> [AIM OF THE TASK] Beneath this sentence is a listing. Return its lines from the one containing "그레이트 루치아노 파바로티" through the last, exactly, and omit the pictures.

> [MATERIAL PROVIDED]
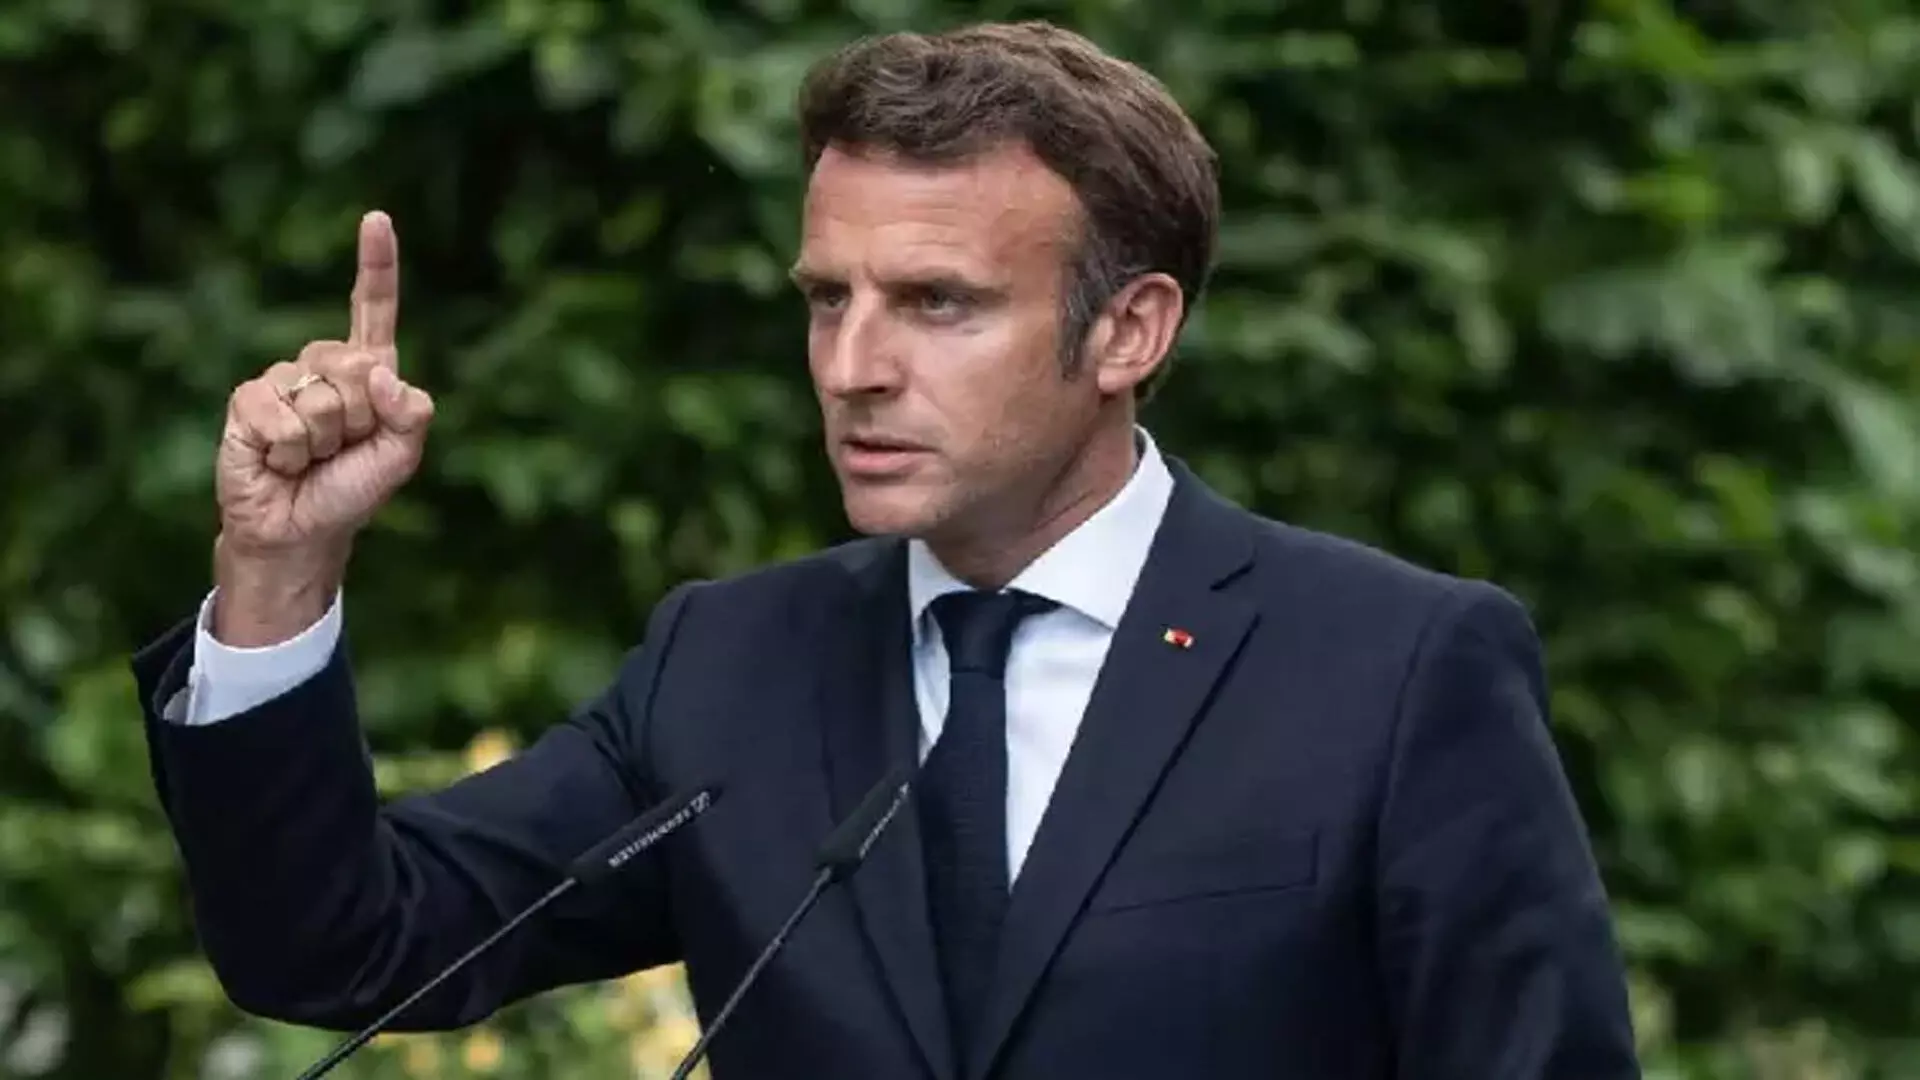 France के राष्ट्रपति ने प्रधानमंत्री का इस्तीफा स्वीकार किया
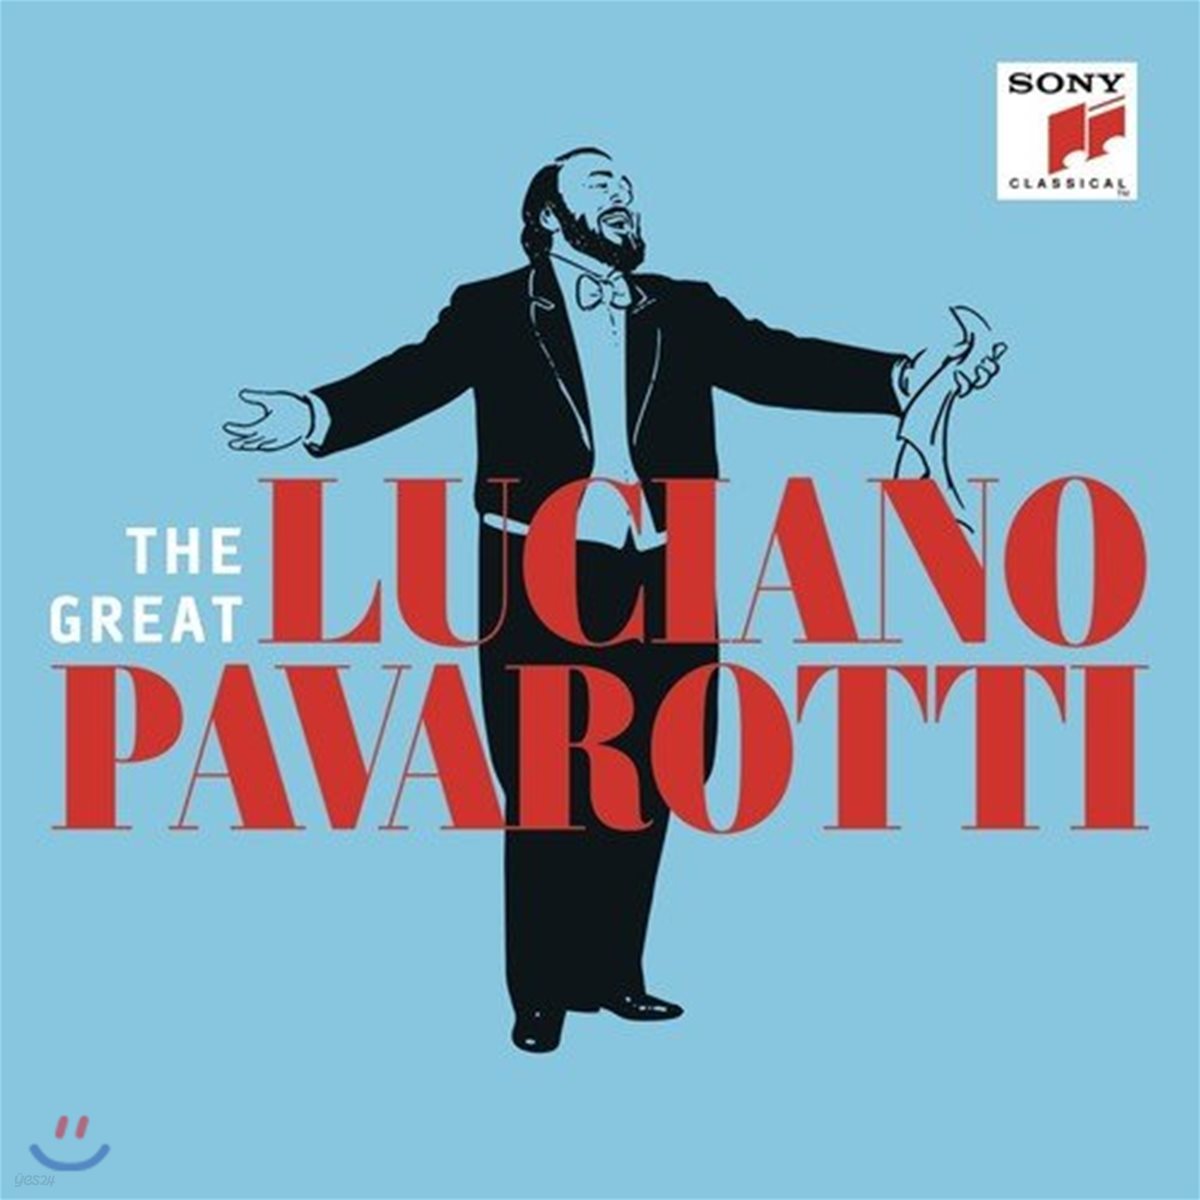 그레이트 루치아노 파바로티 - 베스트 앨범 (The Great Luciano Pavarotti)
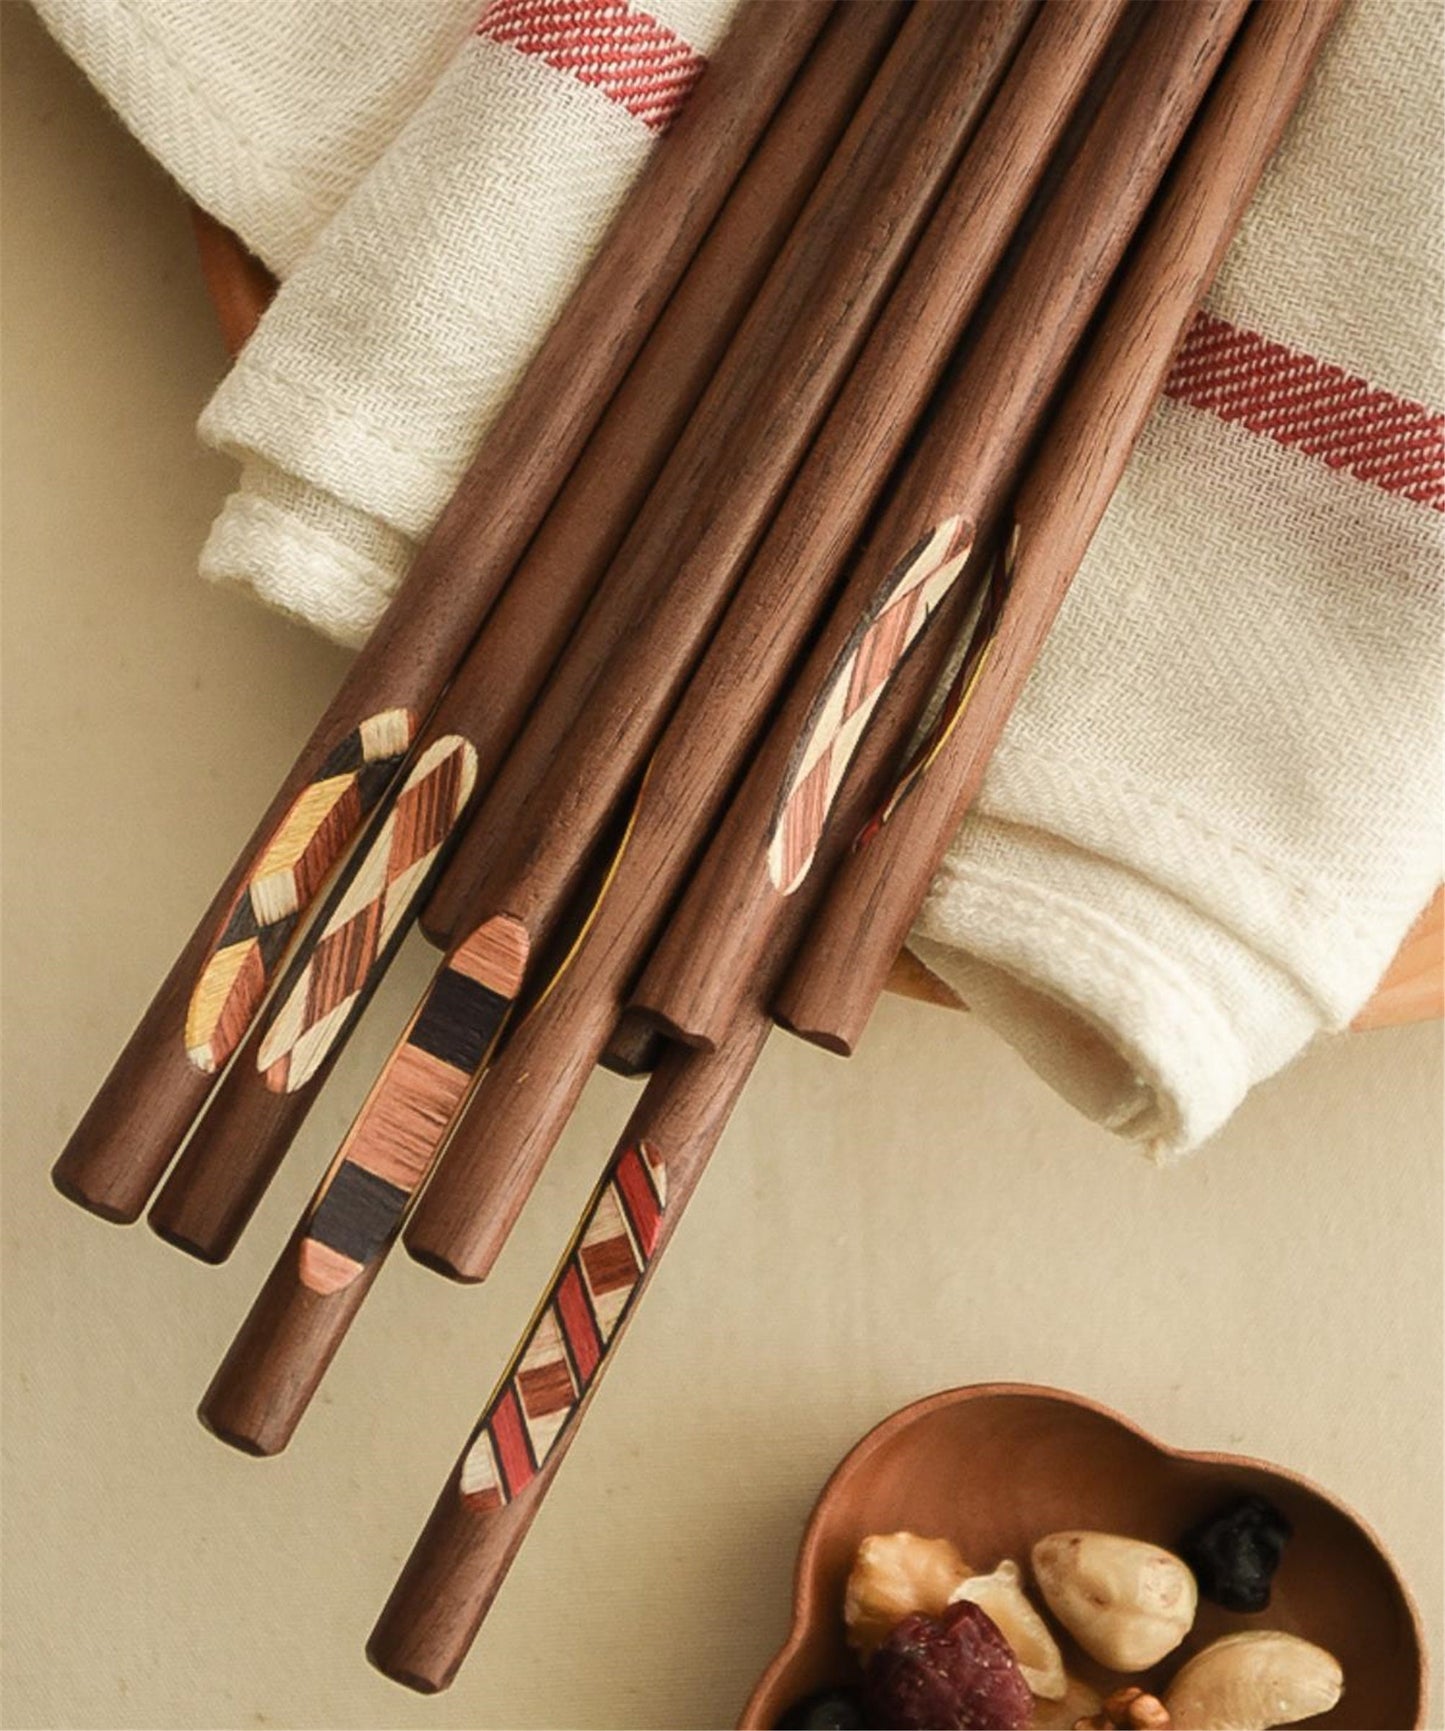 Best seller - Black walnut chopsticks, cherry wood chopsticks

> [TASK OUTPUT]
 그레이트 루치아노 파바로티 - 베스트 앨범 (The Great Luciano Pavarotti)
 Best seller - Black walnut chopsticks, cherry wood chopsticks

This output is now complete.